- Location in Lincoln County and the state of South Dakota
- Coordinates: 43°13′19″N 96°29′14″W﻿ / ﻿43.22194°N 96.48722°W
- Country: United States
- State: South Dakota
- County: Lincoln
- Founded: 1886

Area
- • Total: 0.085 sq mi (0.22 km^{2})
- • Land: 0.085 sq mi (0.22 km^{2})
- • Water: 0 sq mi (0.00 km^{2})
- Elevation: 1,234 ft (376 m)

Population (2020)
- • Total: 61
- • Density: 713.6/sq mi (275.54/km^{2})
- Time zone: UTC-6 (Central (CST))
- • Summer (DST): UTC-5 (CDT)
- ZIP code: 57027
- Area code: 605
- FIPS code: 46-20780
- GNIS feature ID: 1267387

= Fairview, South Dakota =

Fairview is a town in Lincoln County, South Dakota, United States. The population was 61 at the 2020 census.

Fairview was laid out in 1886, and named for the scenic valley setting of the site.

==Geography==
Fairview is located along the Big Sioux River.

According to the United States Census Bureau, the town has a total area of 0.09 sqmi, all land.

==Demographics==

Historical population
| Census | Pop. | Note | %± |
| 1910 | 107 |  | — |
| 1920 | 174 |  | 62.6% |
| 1930 | 156 |  | −10.3% |
| 1940 | 150 |  | −3.8% |
| 1950 | 155 |  | 3.3% |
| 1960 | 101 |  | −34.8% |
| 1970 | 72 |  | −28.7% |
| 1980 | 90 |  | 25.0% |
| 1990 | 73 |  | −18.9% |
| 2000 | 94 |  | 28.8% |
| 2010 | 60 |  | −36.2% |
| 2020 | 61 |  | 1.7% |
U.S. Decennial Census 2015 Estimate

===2010 census===
As of the census of 2010, there were 60 people, 27 households, and 18 families residing in the town. The population density was 666.7 PD/sqmi. There were 31 housing units at an average density of 344.4 /sqmi. The racial makeup of the town was 100.0% White.

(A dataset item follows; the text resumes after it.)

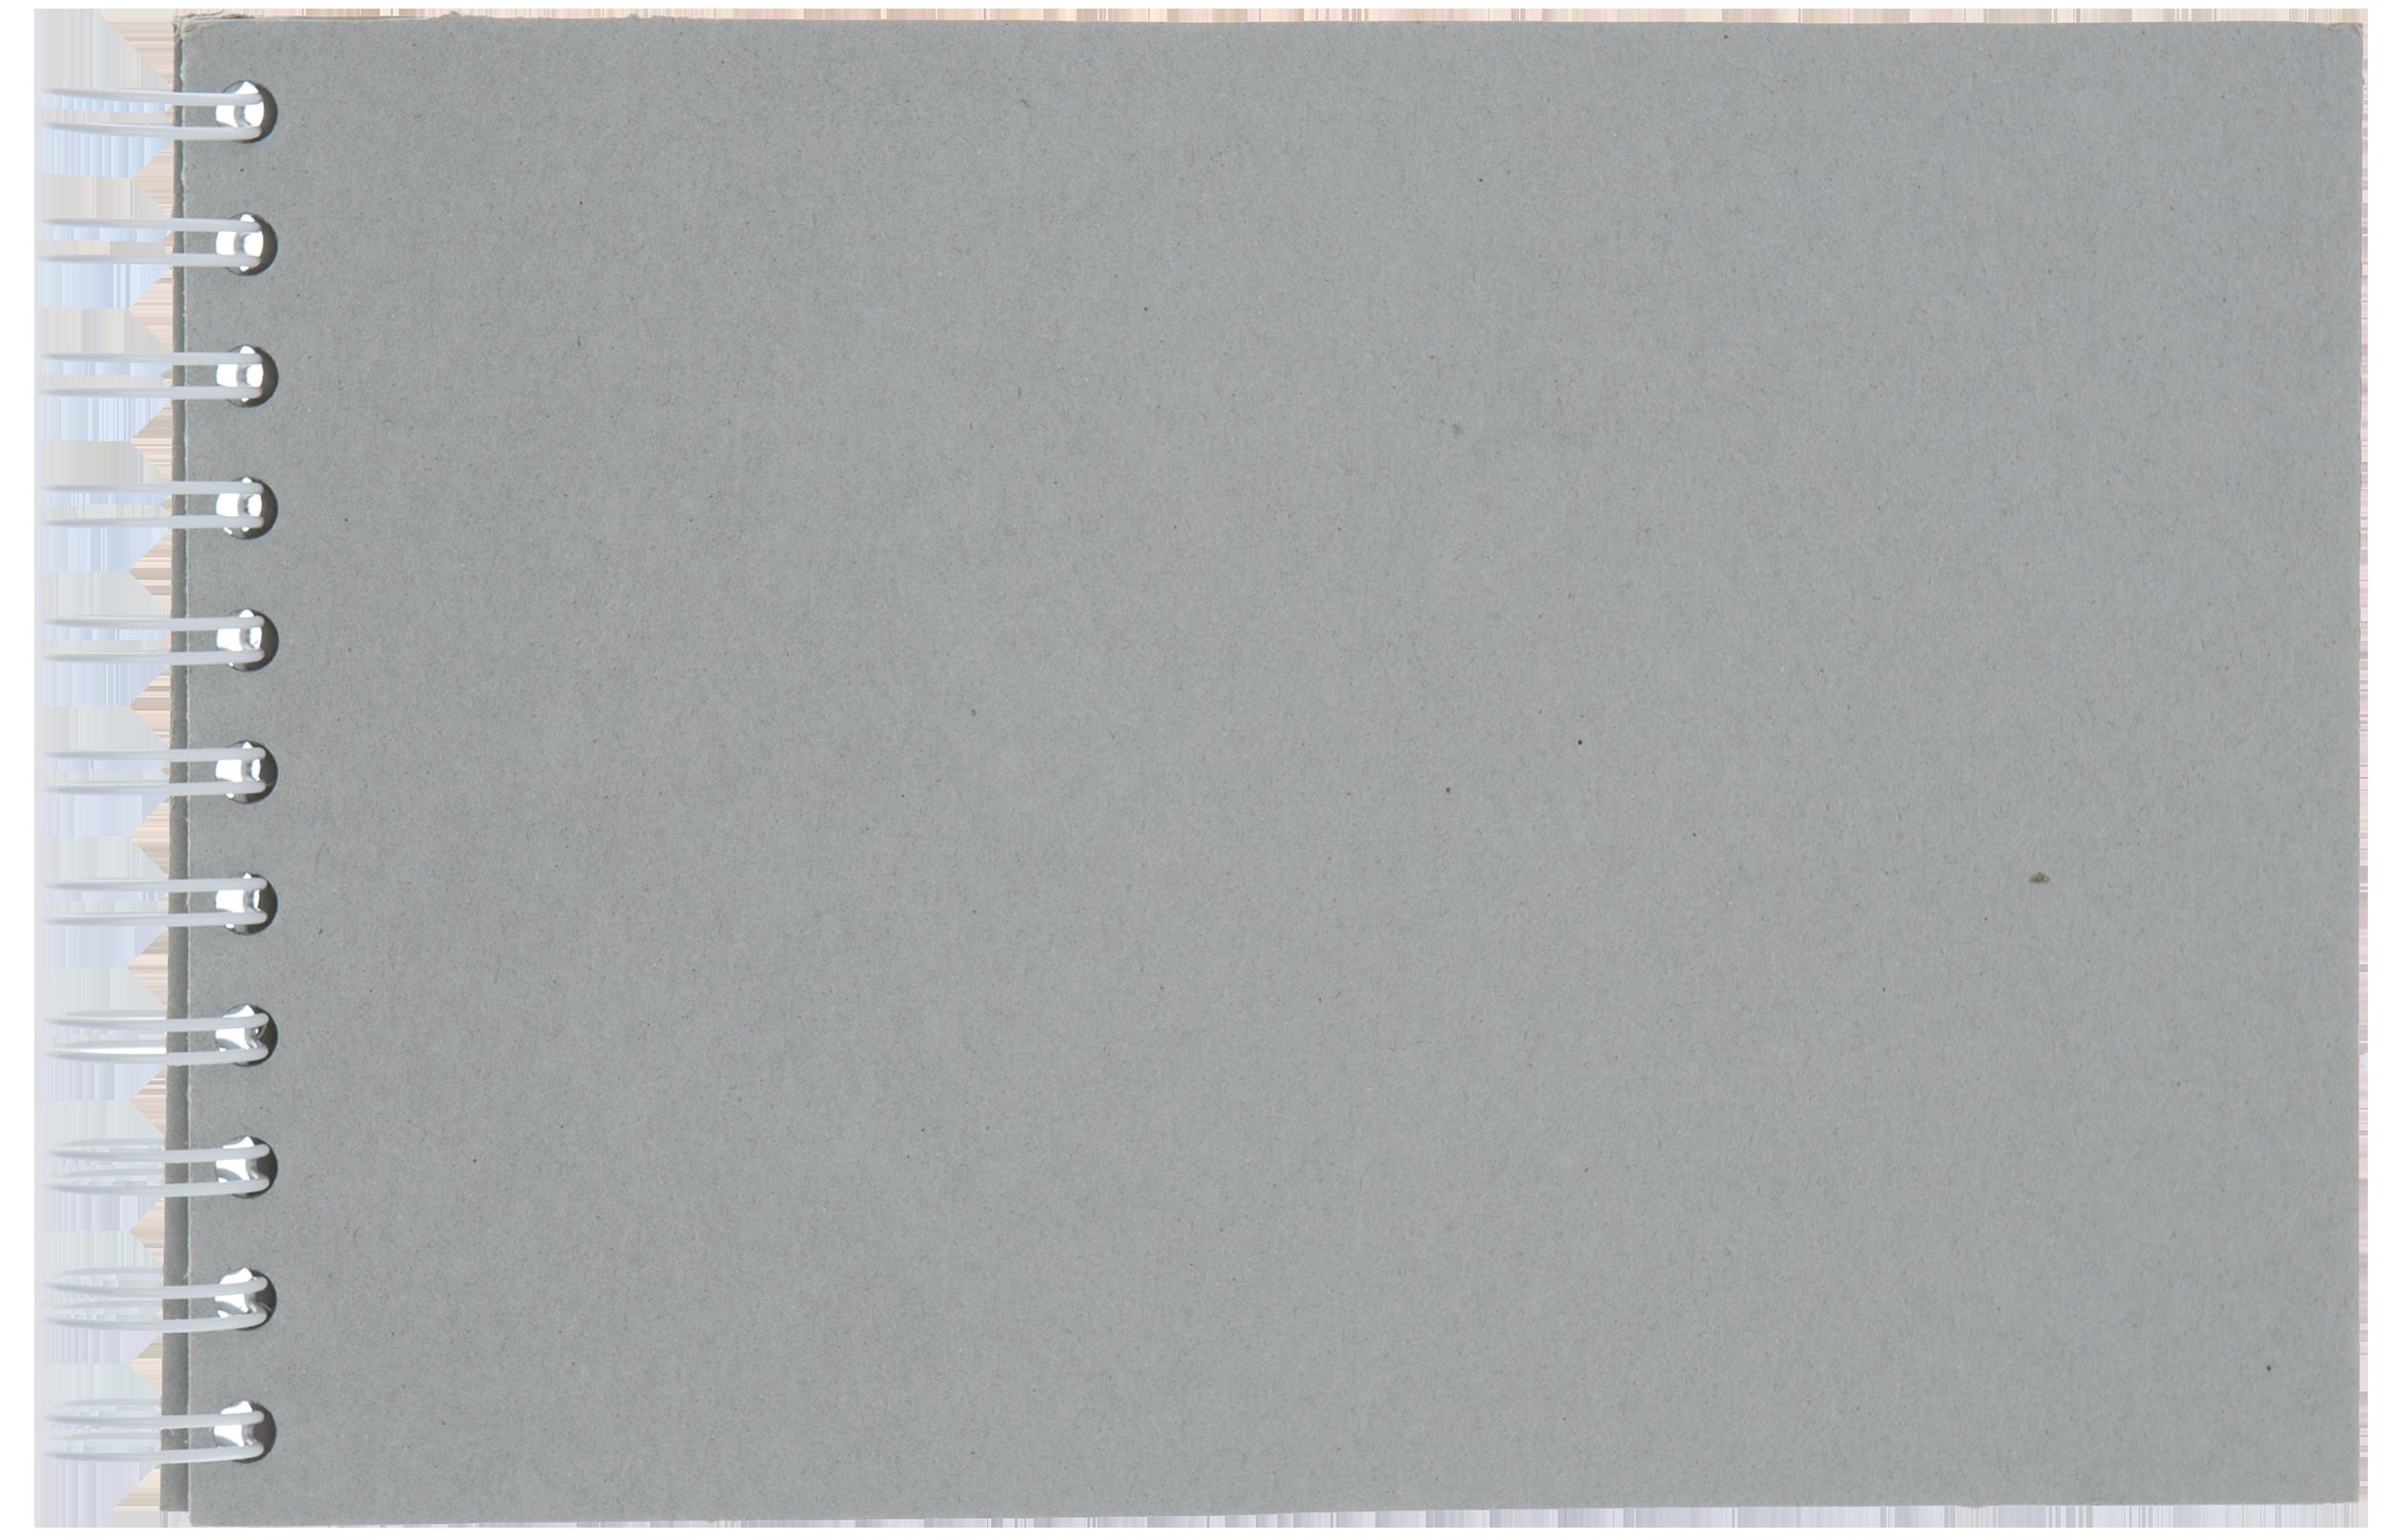 Spiralbunden kartong med tre sidor.

There were 27 households, of which 29.6% had children under the age of 18 living with them, 55.6% were married couples living together, 3.7% had a female householder with no husband present, 7.4% had a male householder with no wife present, and 33.3% were non-families. 29.6% of all households were made up of individuals, and 18.5% had someone living alone who was 65 years of age or older. The average household size was 2.22 and the average family size was 2.67.

The median age in the town was 46 years. 18.3% of residents were under the age of 18; 11.8% were between the ages of 18 and 24; 16.6% were from 25 to 44; 28.3% were from 45 to 64; and 25% were 65 years of age or older. The gender makeup of the town was 55.0% male and 45.0% female.

===2000 census===
As of the census of 2000, there were 94 people, 31 households, and 23 families residing in the town. The population density was 886.1 PD/sqmi. There were 34 housing units at an average density of 320.5 /sqmi. The racial makeup of the town was 96.81% White, 2.13% Native American, and 1.06% from two or more races.

There were 31 households, out of which 41.9% had children under the age of 18 living with them, 71.0% were married couples living together, and 22.6% were non-families. 19.4% of all households were made up of individuals, and 3.2% had someone living alone who was 65 years of age or older. The average household size was 3.03 and the average family size was 3.38.

In the town, the population was spread out, with 33.0% under the age of 18, 8.5% from 18 to 24, 28.7% from 25 to 44, 21.3% from 45 to 64, and 8.5% who were 65 years of age or older. The median age was 31 years. For every 100 females, there were 88.0 males. For every 100 females age 18 and over, there were 96.9 males.

The median income for a household in the town was $29,063, and the median income for a family was $28,750. Males had a median income of $25,625 versus $21,250 for females. The per capita income for the town was $14,471. There were no families and 9.2% of the population living below the poverty line, including no under eighteens and 22.2% of those over 64.